Что такое дисперсия?
Дисперсия - это статистическое измерение, позволяющее определить, насколько далеко каждое число в наборе данных от среднего значения. Отклонение часто изображается этим символом: σ² . Для аналитиков и трейдеров этот расчет может служить индикатором того, как часто меняется число, называемое волатильностью, что также может быть сигналом дальнейших изменений и риска, который они представляют для людей, на которых они влияют. Квадратный корень из дисперсии - это стандартное отклонение (σ), который помогает определить постоянство доходности инвестиций в течение определенного периода времени.
Понимание дисперсии
Чем выше дисперсия числа, тем больше оно отличается от среднего значения, рассчитанного на основе чисел набора данных. С другой стороны, небольшая дисперсия оказывает обратное влияние, приближая показатель к среднему значению, в то время как нулевая дисперсия показывает, что числа имеют одинаковое значение в наборе данных. Дисперсия не может быть отрицательным значением, так как квадрат числа никогда не может стать отрицательным значением.
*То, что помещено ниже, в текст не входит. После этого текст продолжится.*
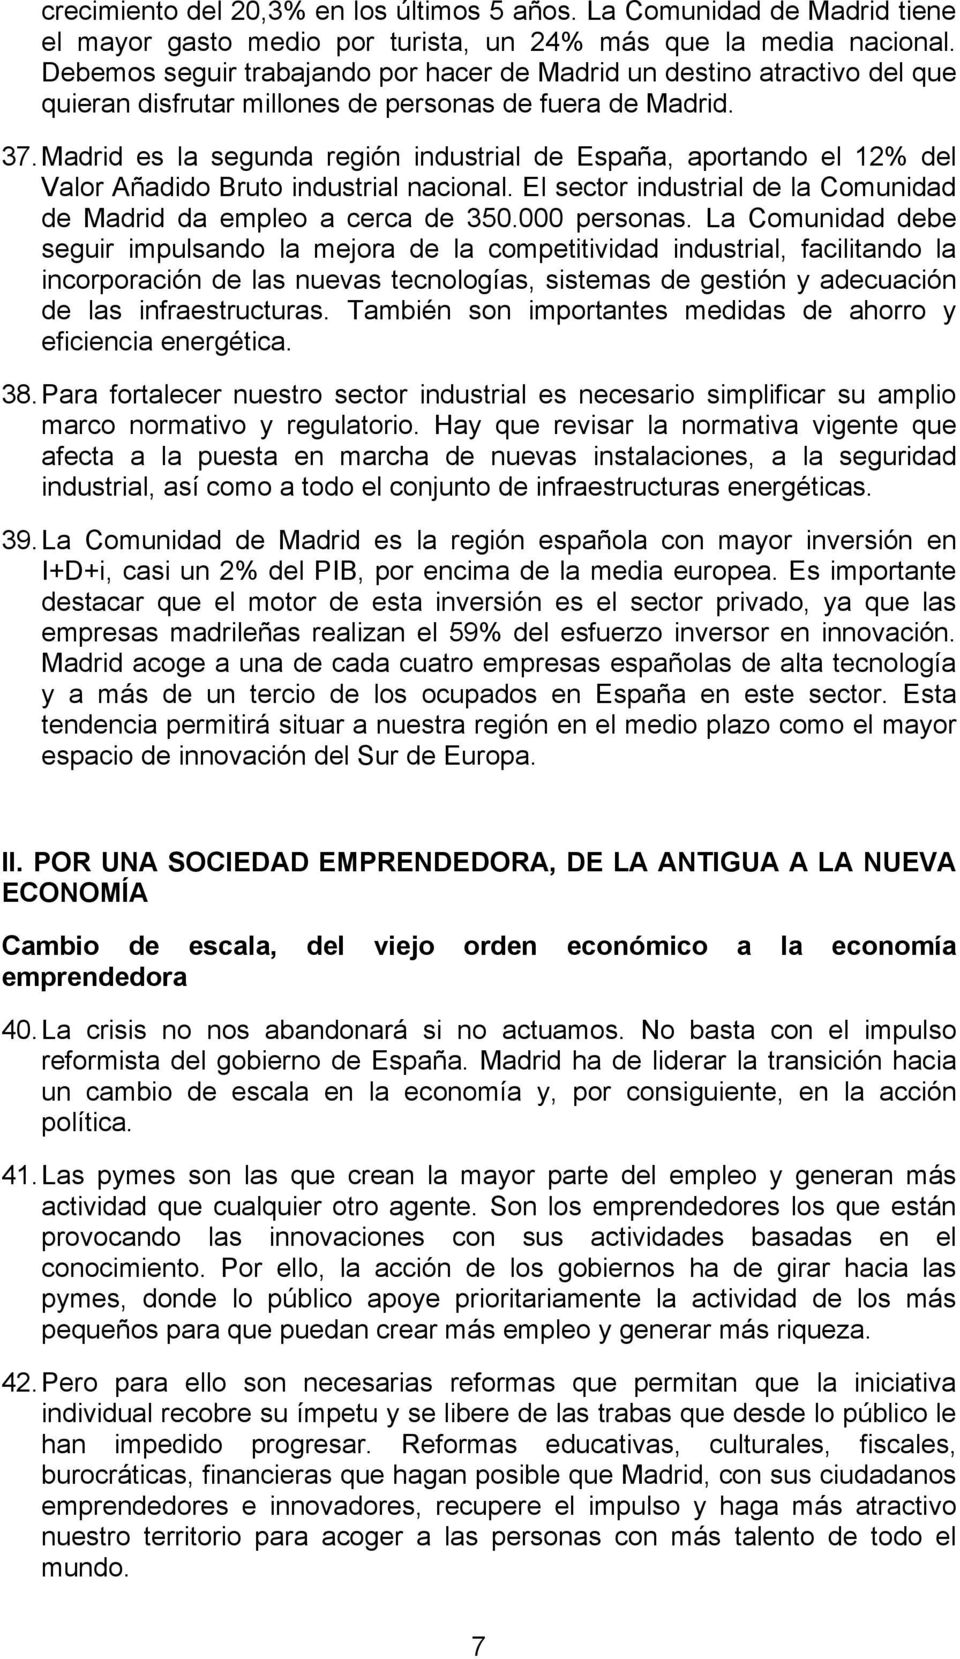 Madrid es la segunda región industrial de España, aportando el 12% del Valor Añadido Bruto industrial nacional. El sector industrial de la Comunidad de Madrid da empleo a cerca de 350.000 personas.

Если говорить об инвестициях, то дисперсия является важным показателем. Волатильность - это показатель риска, который позволяет инвесторам оценить риск, связанный с покупкой конкретного актива, а также его потенциальную прибыльность. Инвесторы могут анализировать дисперсию доходности различных активов в портфеле, чтобы определить наилучшее распределение активов. В финансах дисперсия используется для сравнения производительности элементов портфеля друг с другом и со средним значением.
Как рассчитать дисперсию
В статистике дисперсия рассчитывается путем взятия разницы между каждым числом в наборе данных и средним значением, затем возведения разницы в квадрат, чтобы сделать ее положительной, и, наконец, деления суммы квадратов на количество значений в наборе данных.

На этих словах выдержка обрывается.